Про рождение коммуны
Колонка в «Русском репортере» была таким пунктом выдачи везения. Говорят: «А давай ты будешь вести колонку о своей жизни, о мире вокруг Саши Денисовой». Я подумала: «Господи, что я, Умберто Эко какой‑то?» Хотя Умберто Эко писал колонку двадцать лет, а я — пять. И писала бы, наверно, еще, если бы наш корабль («Русский репортер». — Прим. ред.) не стал тонуть, а я не ушла в театр.
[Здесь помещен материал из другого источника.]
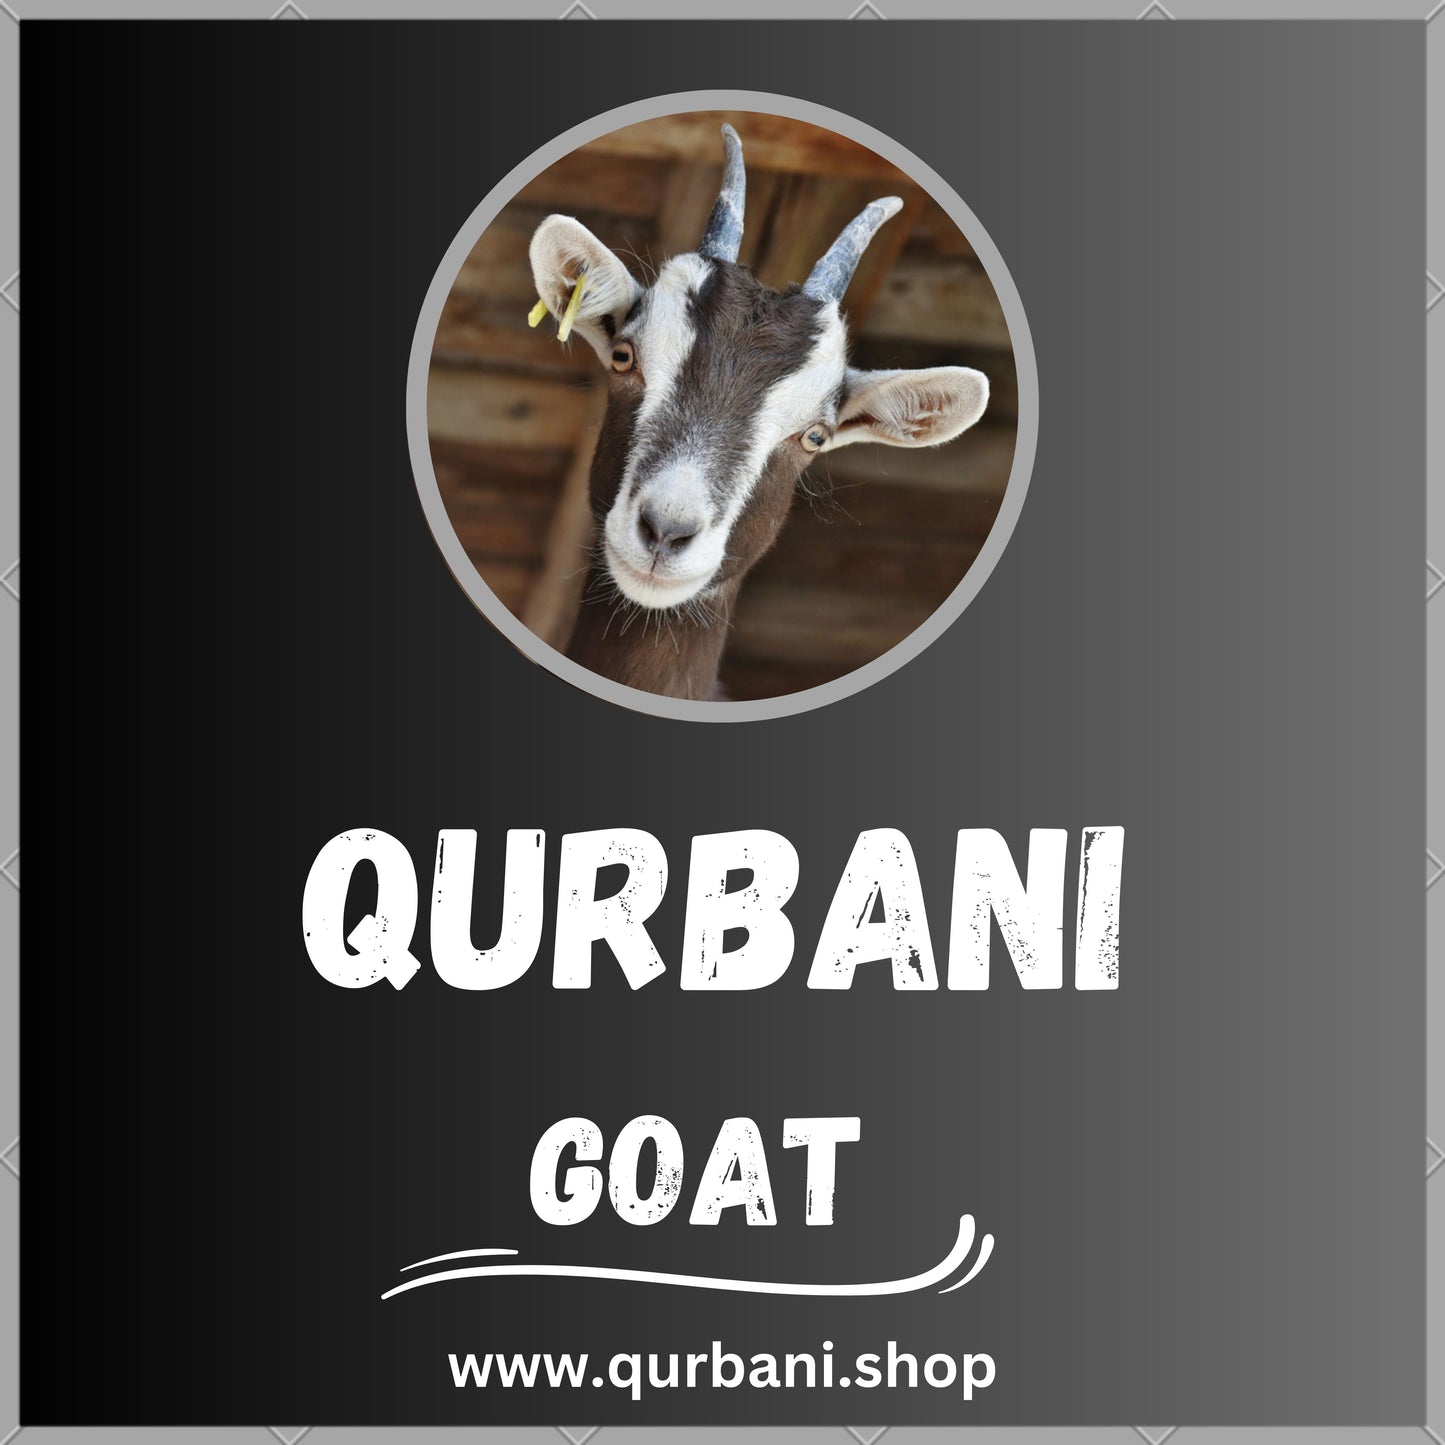 Trusted Qurbani Services in Portland - Order Your Eid Sacrifice Today!

«Русский репортер» был в том здании, куда я пришла работать в журнал «Огонек», — это такое советское здание, со старыми коридорами, ты тоже их помнишь. Там снимали фильм «Журналист» 1967 года, и возле этих окон, мимо которых мы ходили в курилку, стояли актеры, игравшие журналистов с принципами. Я не так давно его пересматривала.
Я пришла в «Русский репортер» в 2007 году, в 2008-м стала писать колонку. Это было такое братство! «Русский репортер» был самым богатым журналом; [глава фотослужбы] Поликанов был похож на арабского шейха, который ждал одновременно репортажи из Африки и с Крайнего Севера; совещания, на которых все курили, — все это напоминало какой‑то золотой век, сериал «Безумцы». Пинг-понг по вечерам, кабинет [Виталия] Лейбина, заваленный интеллектуальной литературой и полосами, Лейбин, похожий на молодого Бродского, к которому заходили девицы из всех отделов; сумасшедший [Григорий] Тарасевич из отдела науки с новыми теориями; командировки. «Роттердам или Венеция?» — лениво так размышлял мой коллега, кинокритик [Евгений] Гусятинский. И я думала: «Боже, почему я еду в Удмуртию писать о клещах, а не в Роттердам?!»
Как все счастливое и прекрасное, «Русский репортер» закончился. И в каком‑то смысле в Театре на Бронной сейчас происходит тоже такой расцвет. Начало театра! Пришли новые актеры — [Дмитрий] Куличков, [Александра] Виноградова, [Мария] Шумакова, [Владимир] Храбров, появляется сыгранность, труппа переходит из спектакля в спектакль — нет разделения на актеров каждого режиссера.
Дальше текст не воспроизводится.